The material below has pictures in it. Set down only the lines from the line containing "Apollo 11 Signed Photo" through the line containing "Diverse delivery methods in Bilaspur Haryana", word for word, and leave the pictures behind.

• [MATERIAL FOR THE TASK]:
--

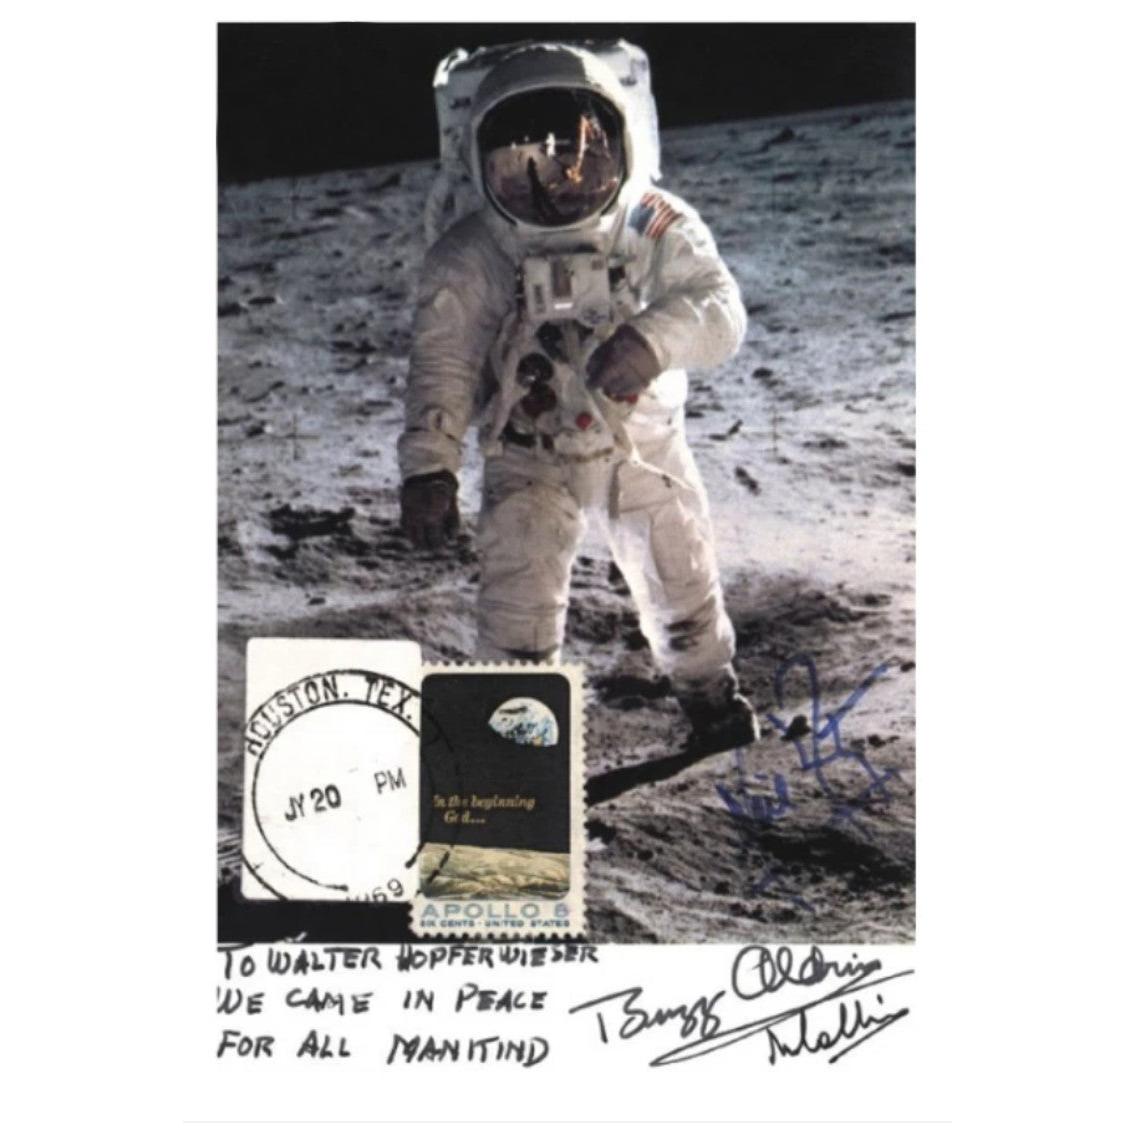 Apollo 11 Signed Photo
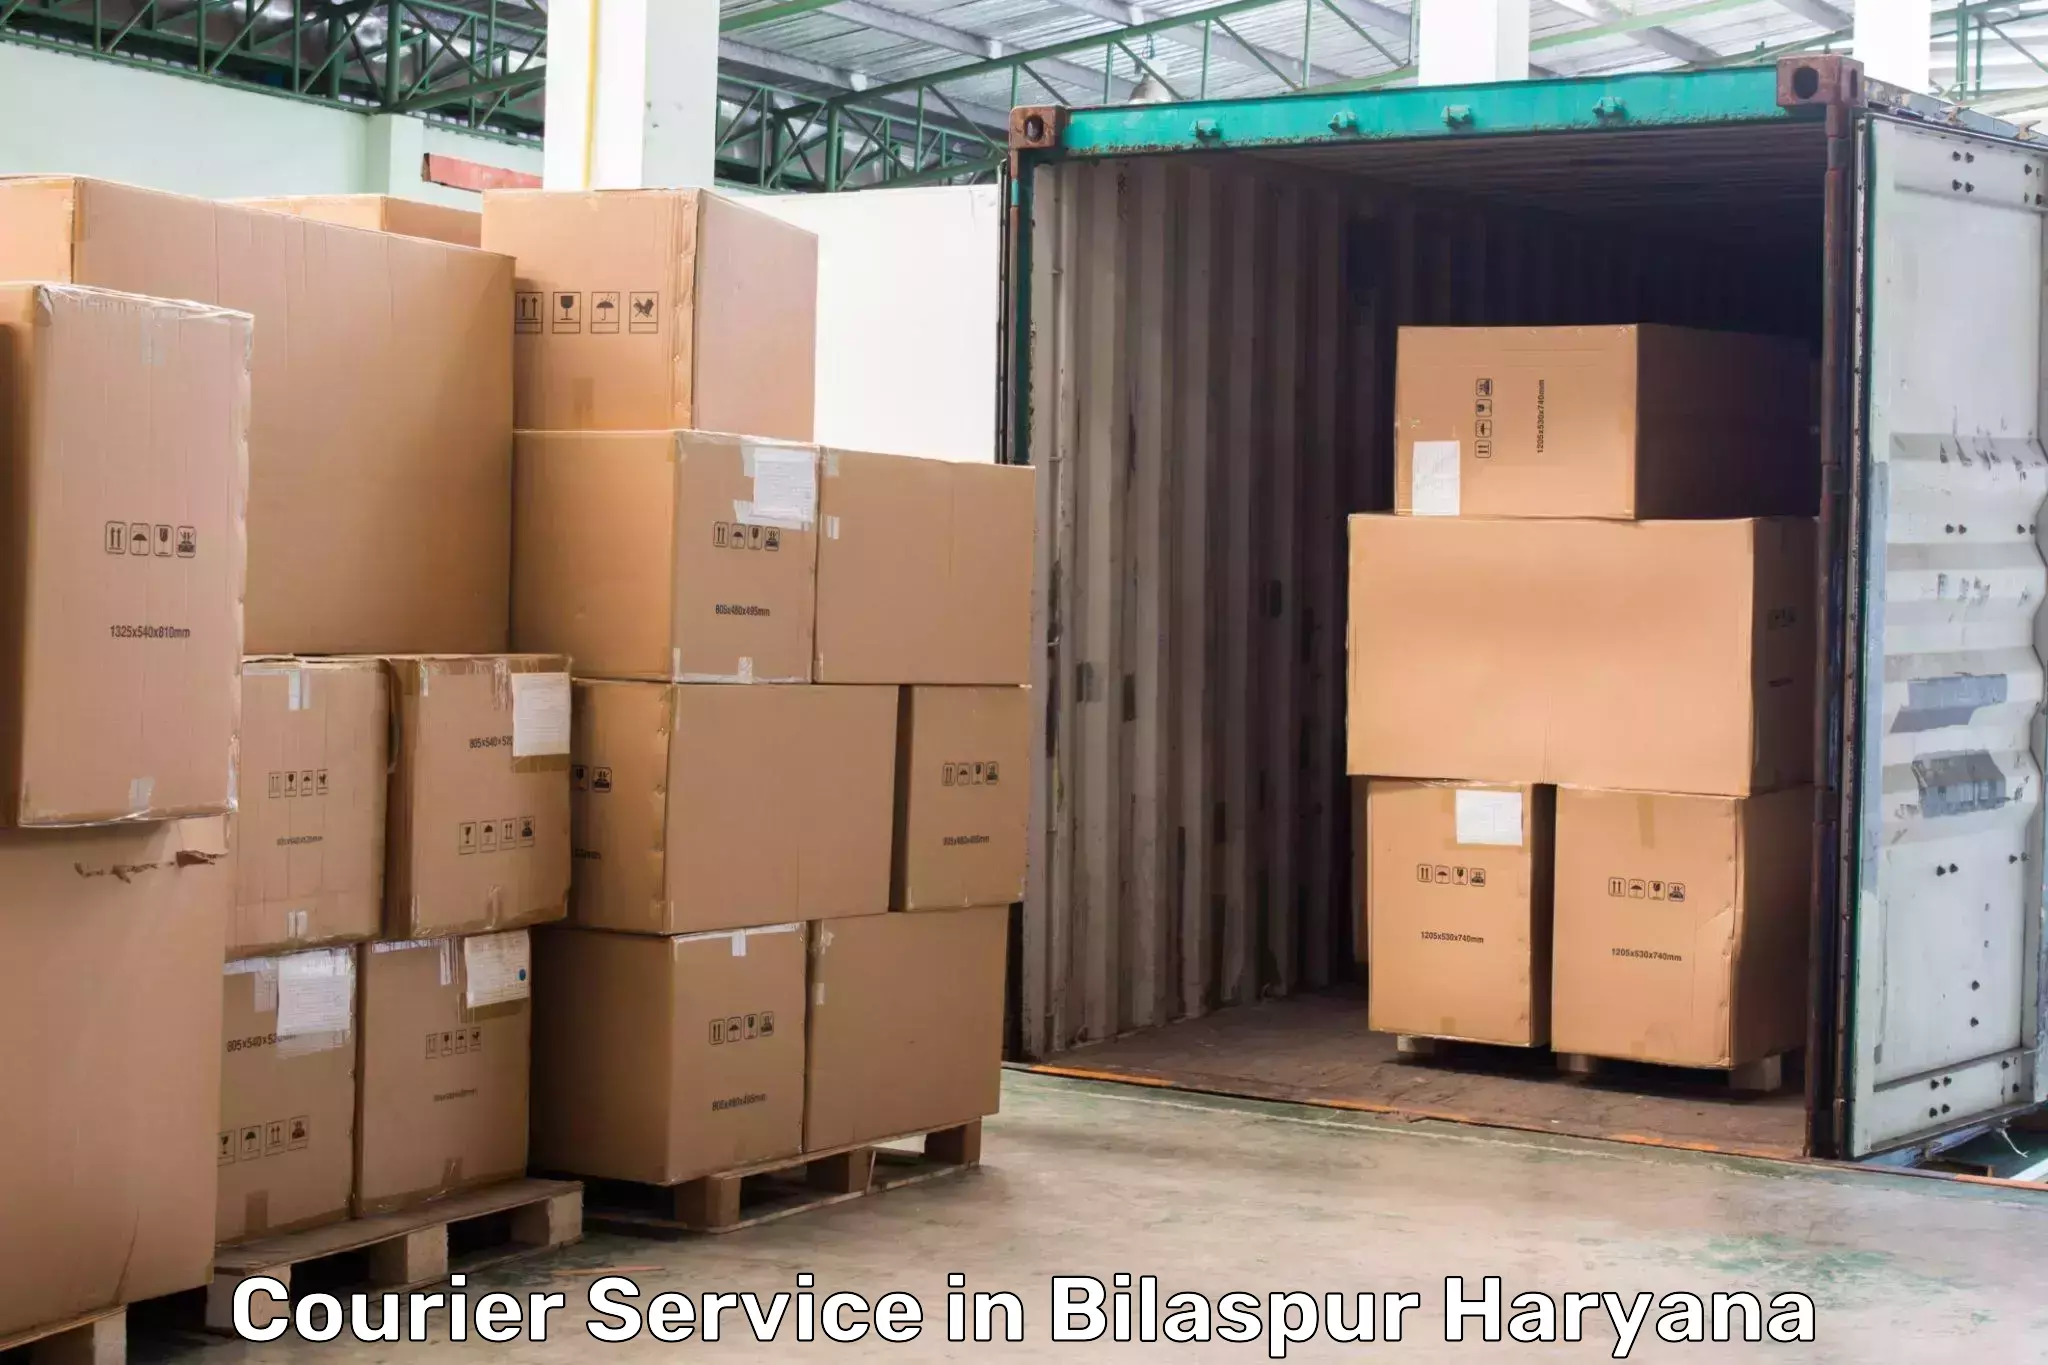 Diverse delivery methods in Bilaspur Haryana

--

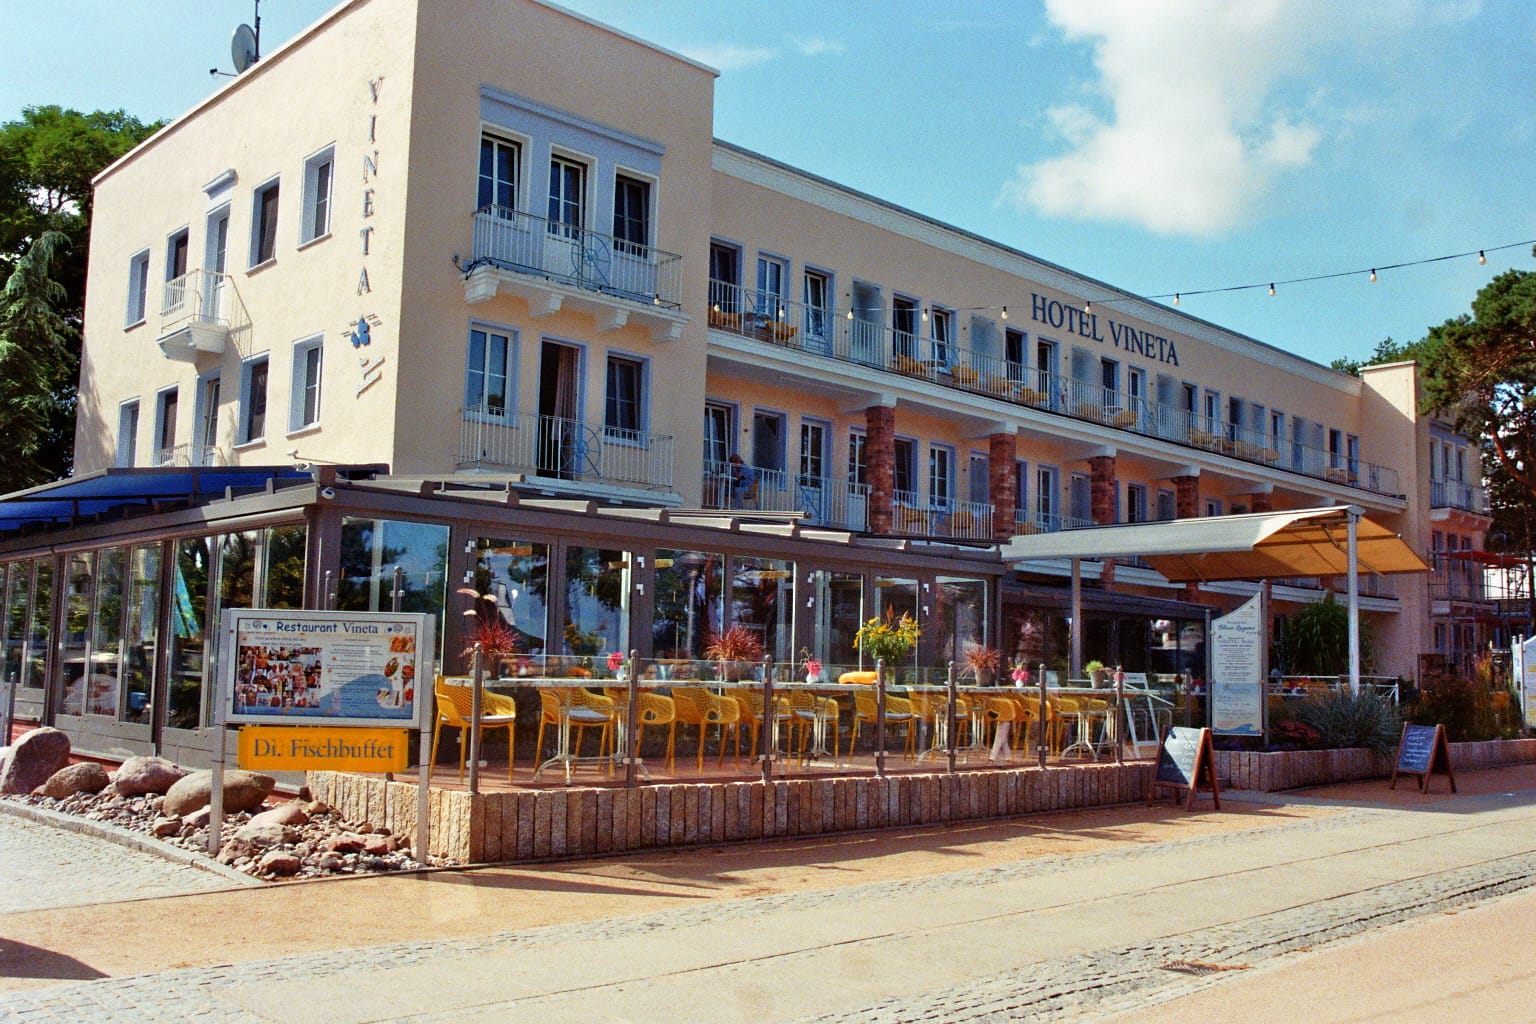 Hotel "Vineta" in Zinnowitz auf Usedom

--

• [REPLY]:
 Apollo 11 Signed Photo
 Diverse delivery methods in Bilaspur Haryana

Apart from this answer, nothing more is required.